Supplied information
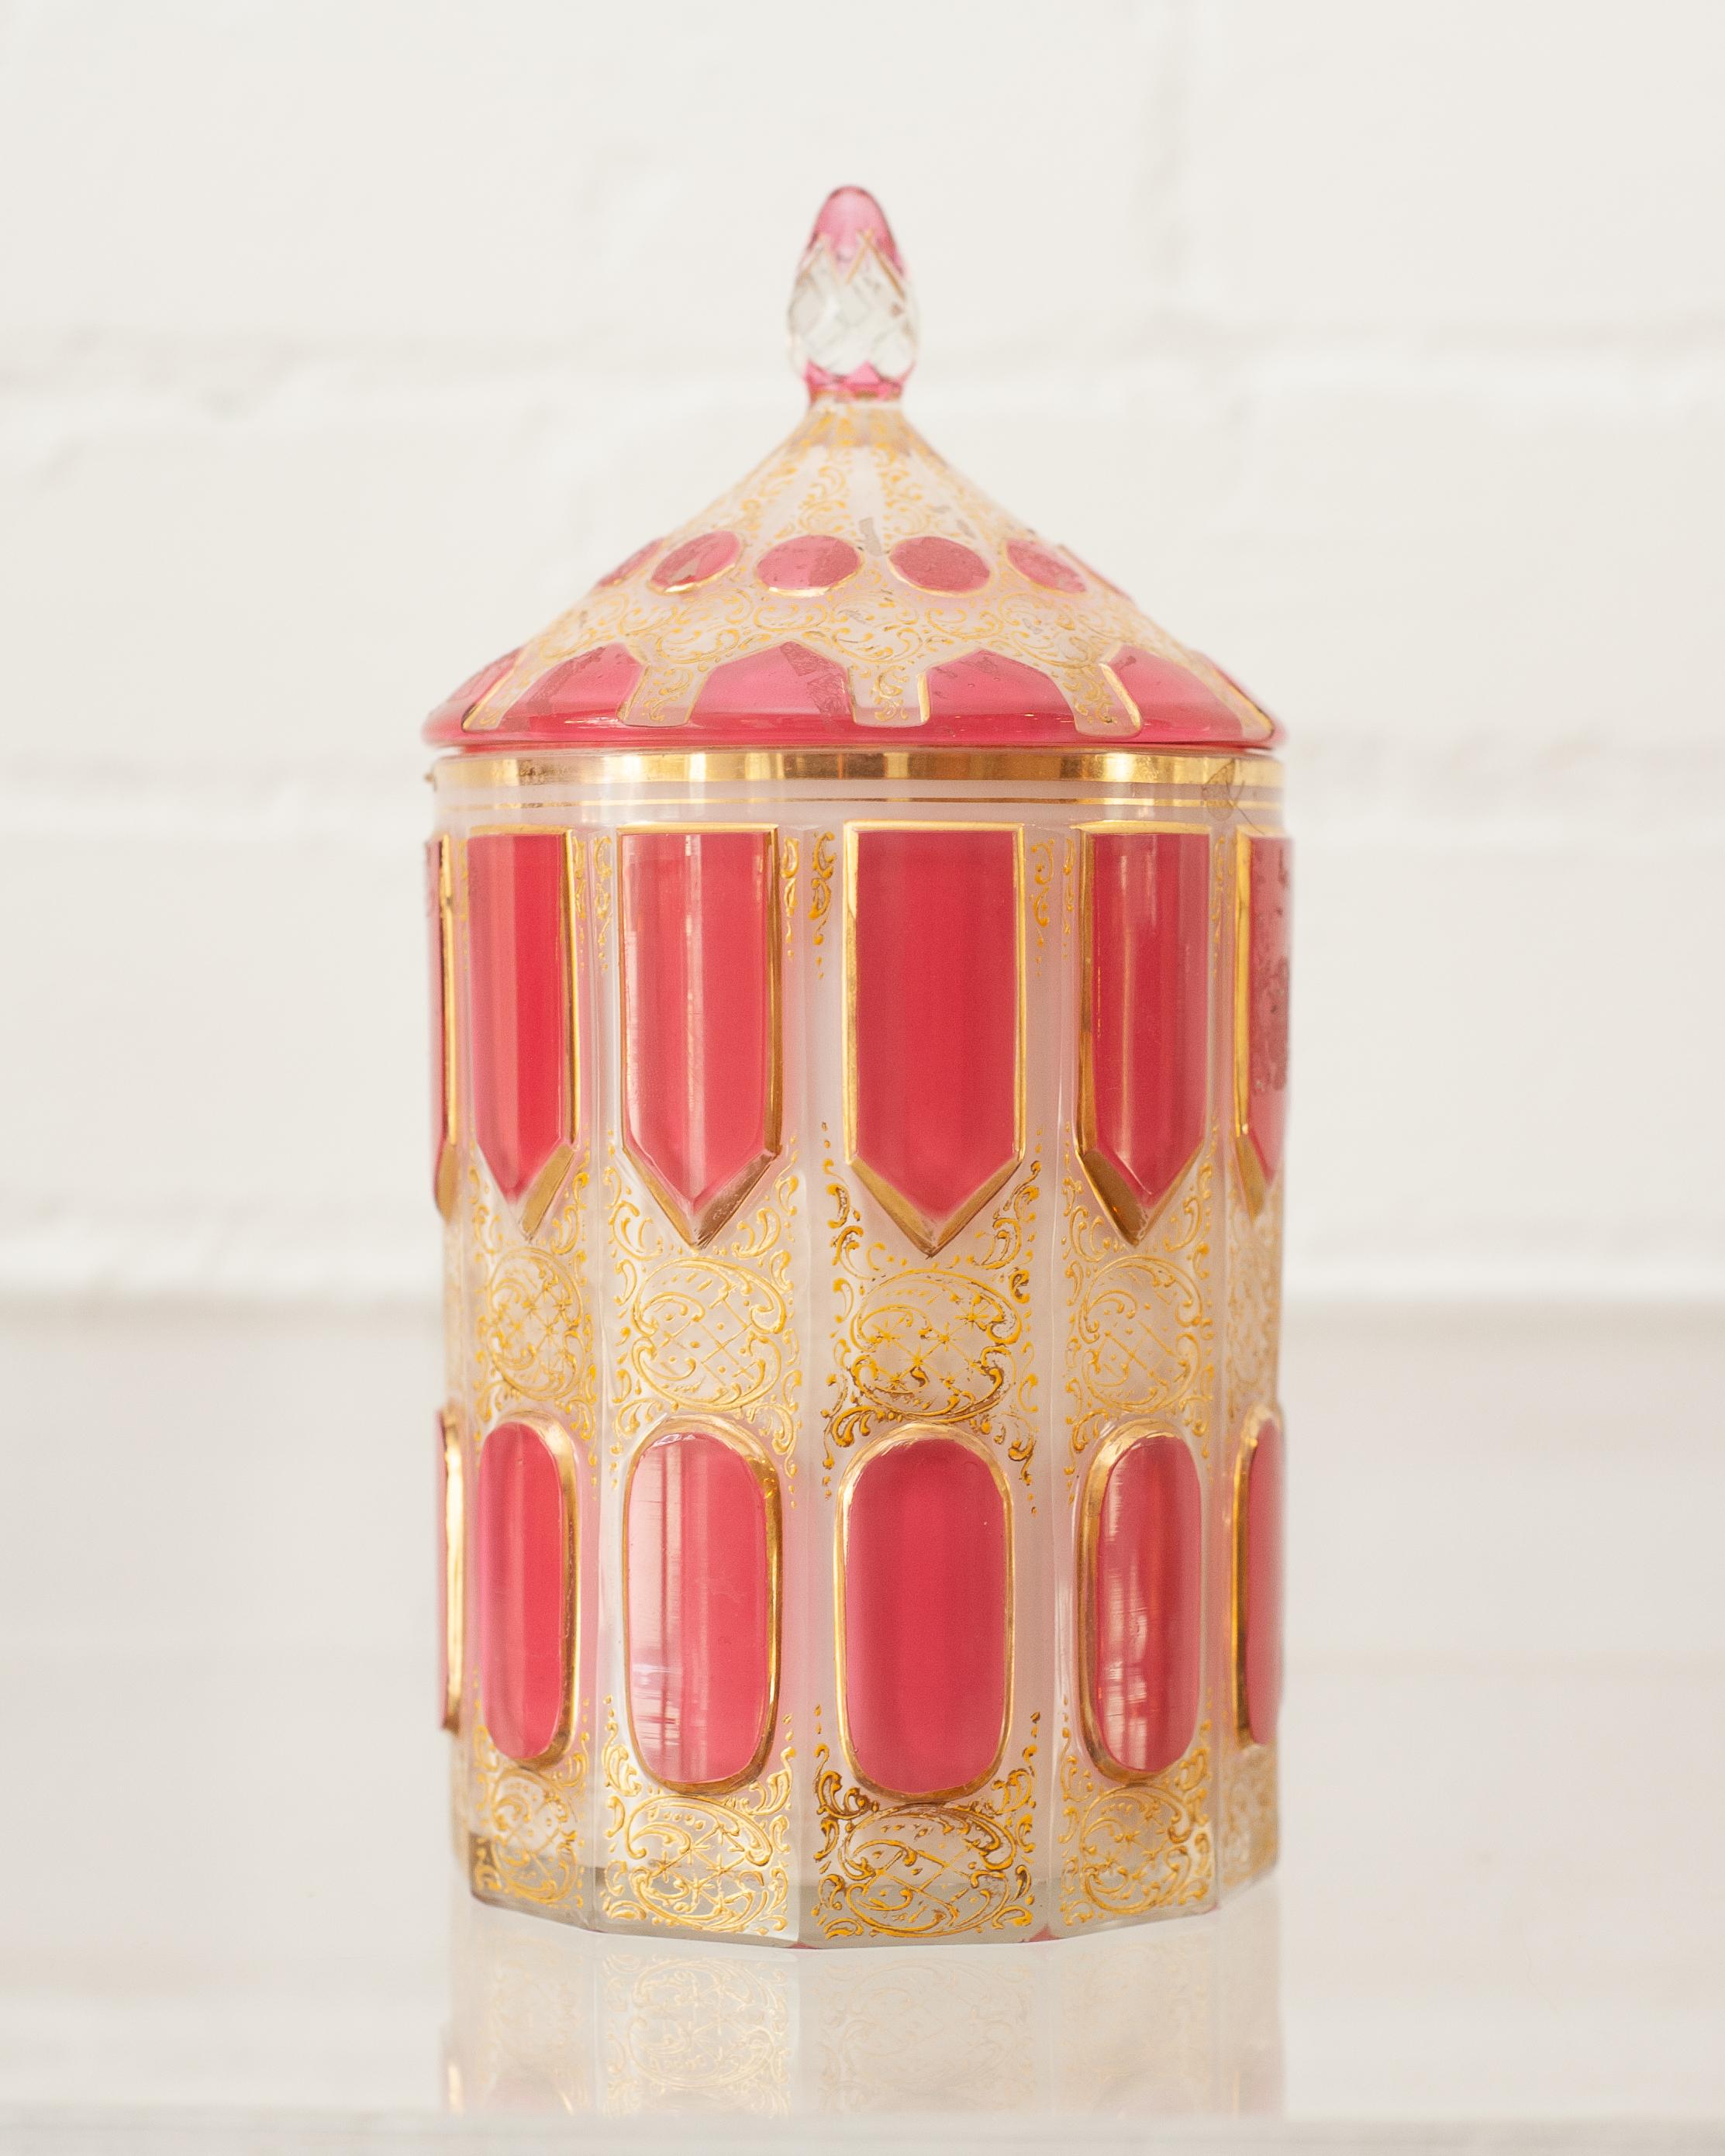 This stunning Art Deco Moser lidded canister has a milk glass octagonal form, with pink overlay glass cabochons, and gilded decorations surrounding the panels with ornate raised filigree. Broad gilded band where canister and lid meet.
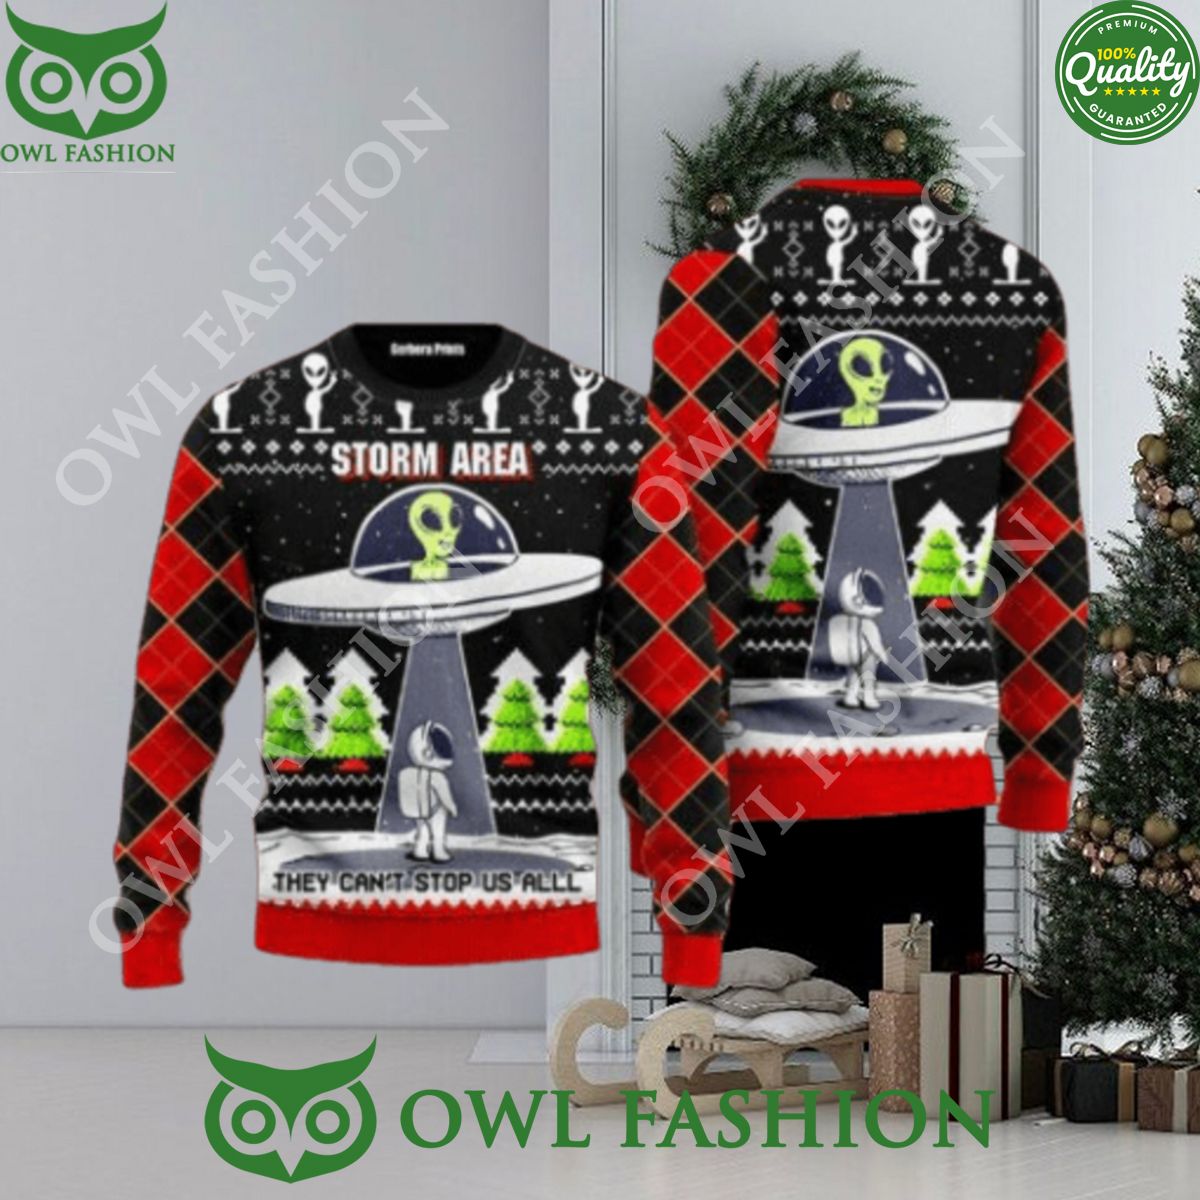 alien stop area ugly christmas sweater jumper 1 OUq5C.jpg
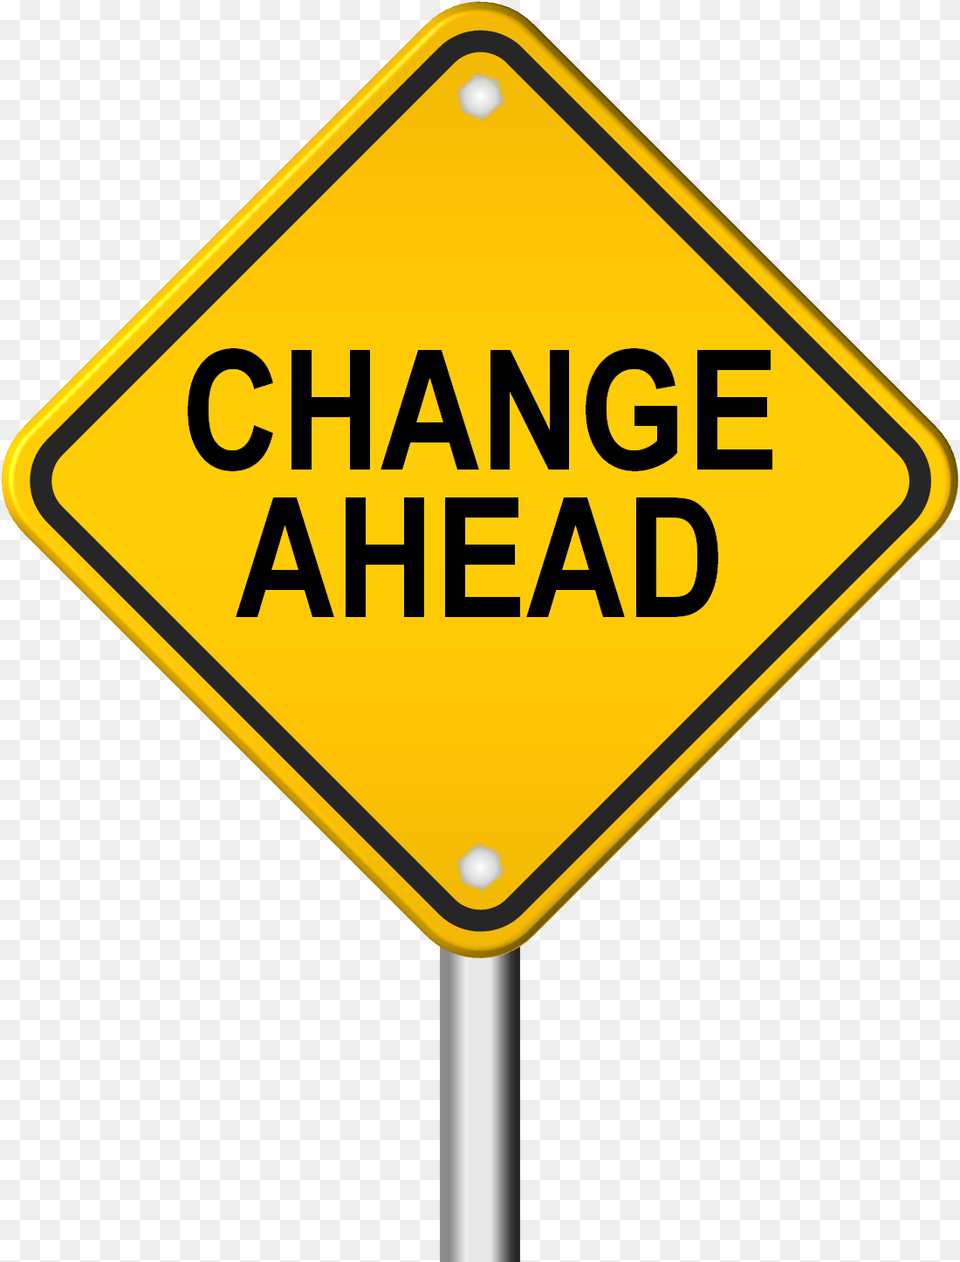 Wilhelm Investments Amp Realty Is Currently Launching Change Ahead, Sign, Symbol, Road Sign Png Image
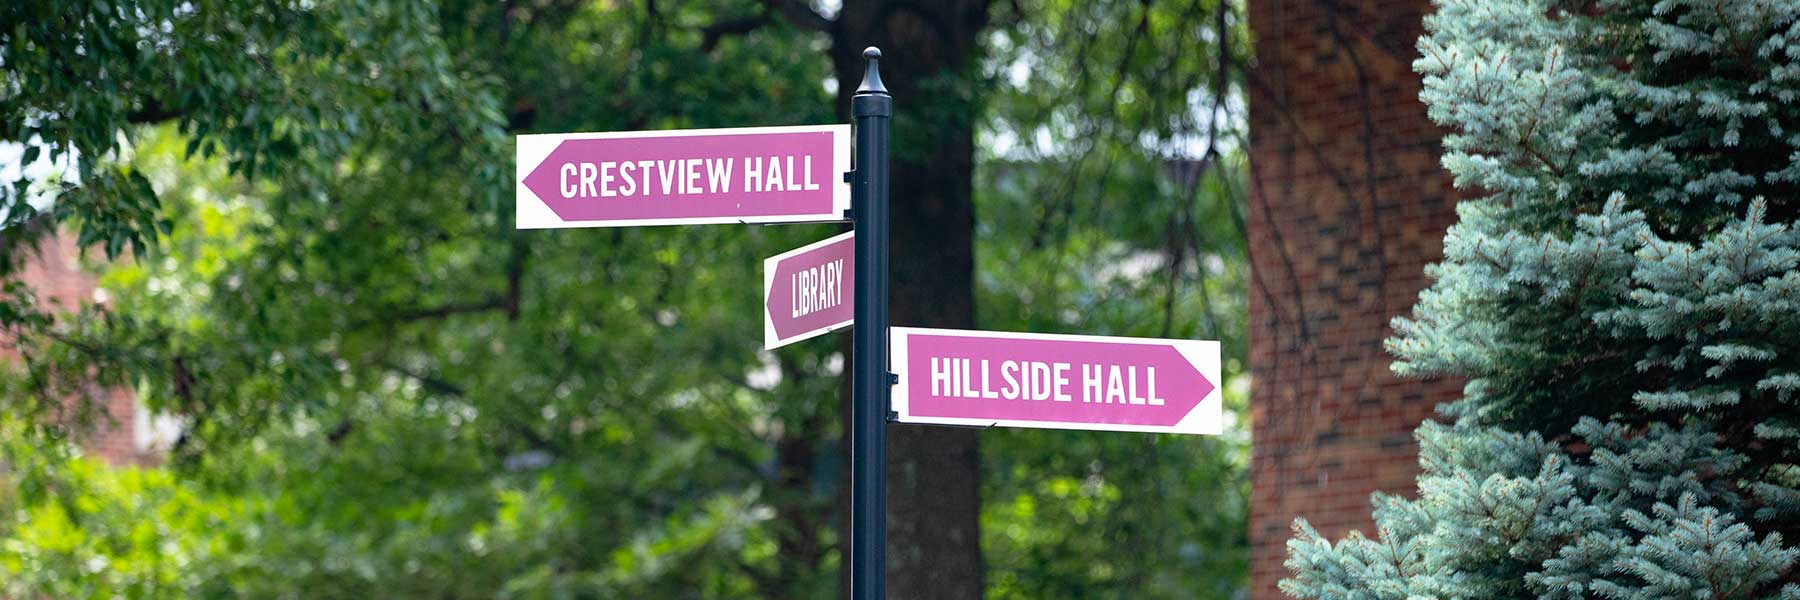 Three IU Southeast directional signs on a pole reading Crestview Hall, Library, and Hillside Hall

Directions for this task
Nothing but the lines from the start of the listing through the line with "Wilhelm Investments Amp" belongs in the answer, each one retyped exactly and without pictures.

Exercise answer
 This stunning Art Deco Moser lidded canister has a milk glass octagonal form, with pink overlay glass cabochons, and gilded decorations surrounding the panels with ornate raised filigree. Broad gilded band where canister and lid meet.
 alien stop area ugly christmas sweater jumper 1 OUq5C.jpg
 Wilhelm Investments Amp Realty Is Currently Launching Change Ahead, Sign, Symbol, Road Sign Png Image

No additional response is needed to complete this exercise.